The algorithm initializes a simplex (a high dimensional triangle) with n+1
vertices, where n
is the number of dimensions of the problem. The vertices are initially set to x0
and x0 + h_i
, where h_i
is a small step size in the i
th dimension. The function values at the vertices are also calculated.
The algorithm then iteratively performs reflection, expansion, contraction, and shrink operations on the simplex until convergence is achieved. The best vertex and function value are returned.
We use the Rosenbrock function as the test function.
function rosenbrock(x)
(1.0 - x[1])^2 + 100.0 * (x[2] - x[1]^2)^2
end
rosenbrock (generic function with 1 method)
using CairoMakie
x = -2:0.01:2
y = -2:0.01:2
f = [rosenbrock((a, b)) for b in y, a in x]
fig = Figure()
ax = Axis(fig[1, 1]; xlabel="x₁", ylabel="x₂")
heatmap!(ax, x, y, log.(f))
contour!(ax, x, y, f; levels=exp.(-2:2:7), labels=true, color="white", lw=0.5)
scatter!(ax, [1.0], [1.0]; color="red", marker=:star5, markersize=5)
CairoMakie.text!(ax, 1.02, 0.8; text="Minimum at (1, 1)", color="black")
fig
bestx, bestf, history = simplex(rosenbrock, [-1.2, -1.0]; tol=1e-3)
bestx, bestf
([0.9992454528808594, 0.9985113143920898], 6.087010938696048e-7)
The optimization process can be visualized by plotting the simplex at each iteration.
Optim.jl is a Julia package for optimization algorithms. It provides a common interface for various optimization algorithms, including the Nelder-Mead method.
using Optim
# Set the initial guess
x0 = [-1, -1.0]
# Set the optimization options
options = Optim.Options(iterations = 1000)
# Optimize the Rosenbrock function using the simplex method
result = optimize(rosenbrock, x0, NelderMead(), options)
# Print the optimization result
result.minimizer, result.minimum
([1.0000257901344998, 1.0000499809855428], 9.211145858887768e-10)

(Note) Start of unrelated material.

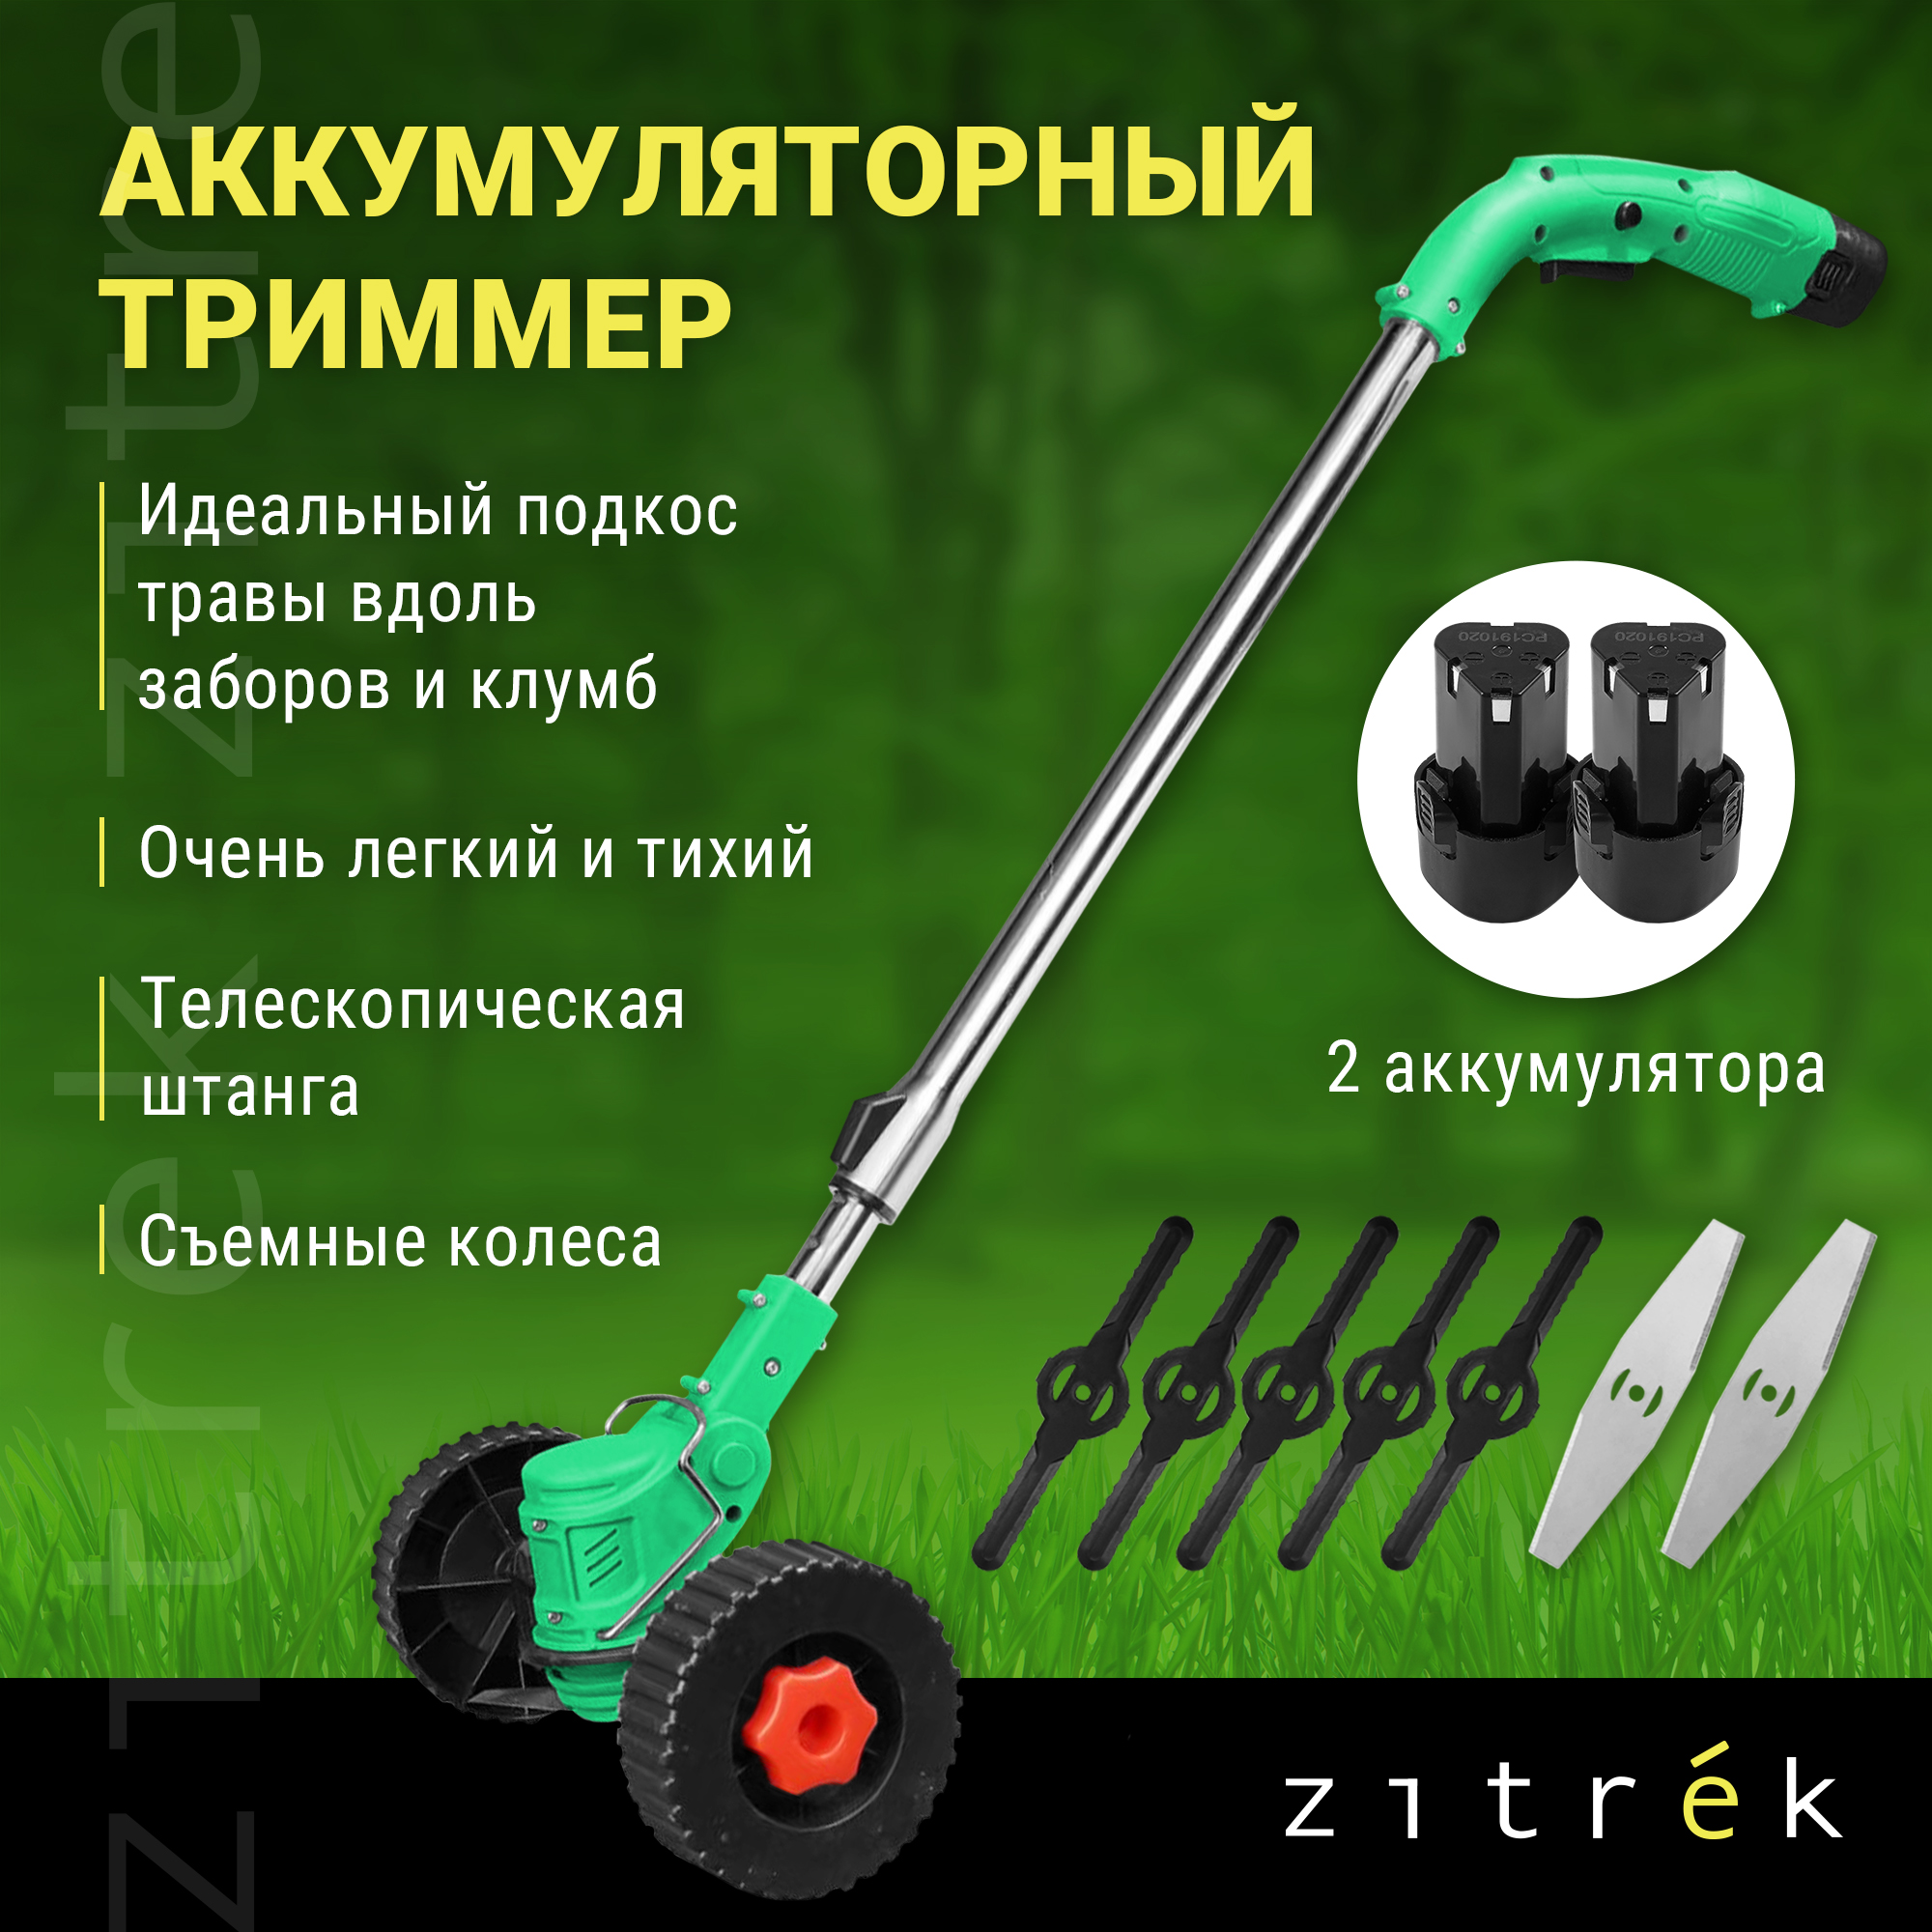 Аккумуляторный триммер-газонокосилка Zitrek GreenCut 12 Pro 082-2004 - купить в Мегамаркет МСК Подольск, цена на Мегамаркет

Gradient based optimization
Consider a differentiable function $f: R^n \rightarrow R$, the gradient of $f$ is defined as
\[\nabla f(\mathbf{x}) = \left(\begin{matrix} \frac{\partial f(\mathbf{x})}{\partial x_1}\\ \frac{\partial f(\mathbf{x})}{\partial x_2}\\ \vdots\\ \frac{\partial f(\mathbf{x})}{\partial x_n}\\ \end{matrix}\right).\]
Gradient descent is a first-order optimization algorithm that is used to find the minimum of a function. It works by iteratively moving in the direction of the negative gradient of the function at each point until convergence is achieved. The learning rate is a hyperparameter that determines the step size of the update at each iteration. At the first-order approximation, the gradient descent method can be understood as follows:
\[f(\mathbf{x} - \epsilon \nabla f(\mathbf x)) \approx f(\mathbf x) - \epsilon \nabla f(\mathbf x)^T \nabla f(\mathbf x) = f(\mathbf x) - \epsilon \|\nabla f(\mathbf x)\|_2 < f(\mathbf{x})\]
The loss function is reduced at each iteration.
Simple gradient descent
The update rule of gradient descent is
\[\begin{align*} &\theta_{t+1} = \theta_t - \alpha g_t \end{align*}\]
where
- $\theta_t$ is the values of variables at time step $t$.
- $g_t$ is the gradient at time $t$ along $\theta_t$, i.e. $\nabla_{\theta_t} f(\theta_t)$.
- $\alpha$ is the learning rate.
In the following example, we optimize the Rosenbrock function using the gradient descent method.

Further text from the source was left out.